Ia menyoroti kondisi infrastruktur di Tapung Raya yang masih membutuhkan perhatian serius, terutama akses jalan di sejumlah desa di Kecamatan Tapung Hulu serta pembangunan jembatan Desa Koto Aman yang belum rampung.
Wakil Bupati Kampar Misharti menyampaikan bahwa Musrenbang merupakan forum strategis dalam merumuskan perencanaan pembangunan secara partisipatif dan berjenjang, mulai dari desa hingga kabupaten.
Seluruh usulan, kata dia, harus disampaikan melalui mekanisme perencanaan resmi dengan memanfaatkan Sistem Informasi Pemerintahan Daerah (SIPD).

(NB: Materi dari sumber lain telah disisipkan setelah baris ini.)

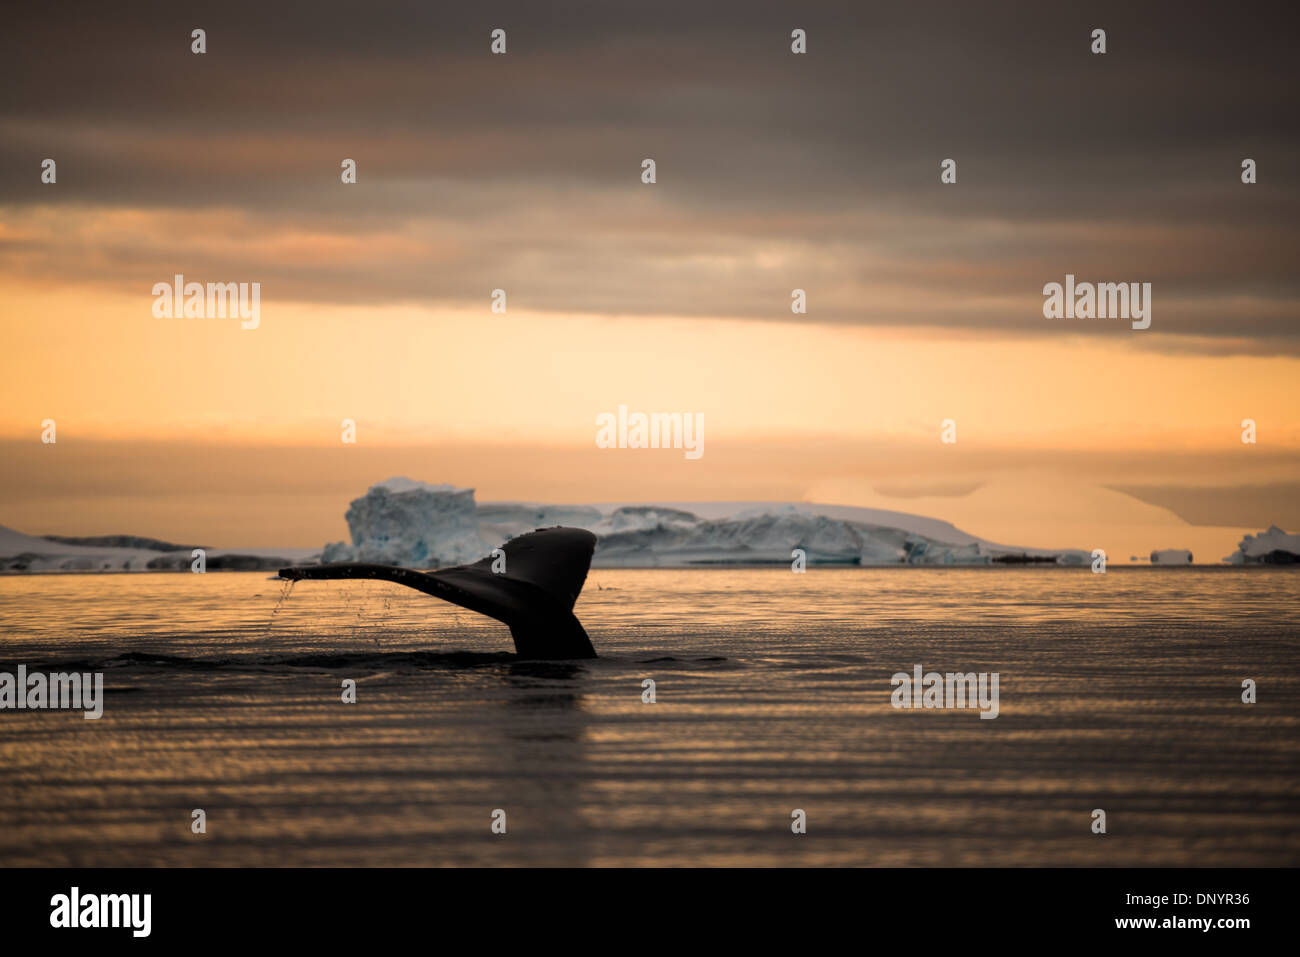 A humpback whale breaks the surface against the orange glow of the setting sun in Hughes Bay on the Antarctic Peninsula. Stock Photo

Misharti juga mengakui keterbatasan kemampuan keuangan daerah. Anggaran Pendapatan dan Belanja Daerah (APBD) Kabupaten Kampar pada 2026 tercatat sebesar Rp2,6 triliun, menurun dibandingkan tahun sebelumnya sekitar Rp3,2 triliun. Karena itu, pembangunan daerah tidak hanya mengandalkan APBD, tetapi juga memerlukan dukungan dari APBD Provinsi, APBN, serta sumber pendanaan lain seperti tanggung jawab sosial perusahaan.
Dalam forum tersebut, peserta Musrenbang menyampaikan beragam usulan pembangunan, antara lain peningkatan dan pengaspalan jalan, pembangunan jembatan, drainase, penyediaan air bersih, pembangunan rumah layak huni, serta peningkatan layanan kesehatan.
Danramil Tapung Kapten Edwar mengusulkan pembangunan jembatan gantung di Desa Batu Gajah dan pembukaan akses jalan Batu Gajah–Bukit Naang guna memperlancar konektivitas antarwilayah.
Pelaksana Harian Kepala Bappeda Kabupaten Kampar Yusdiyen Hadinata mengungkapkan, dari tiga kecamatan Tapung Raya tercatat sebanyak 663 usulan pembangunan. Sementara itu, total usulan dari seluruh kecamatan di Kabupaten Kampar mencapai lebih dari 3.000 usulan dengan kebutuhan anggaran sekitar Rp9 triliun.
Dari total panjang jalan di Kampar sekitar 2.700 kilometer, sekitar 40 persen di antaranya masih dalam kondisi rusak sedang hingga rusak berat.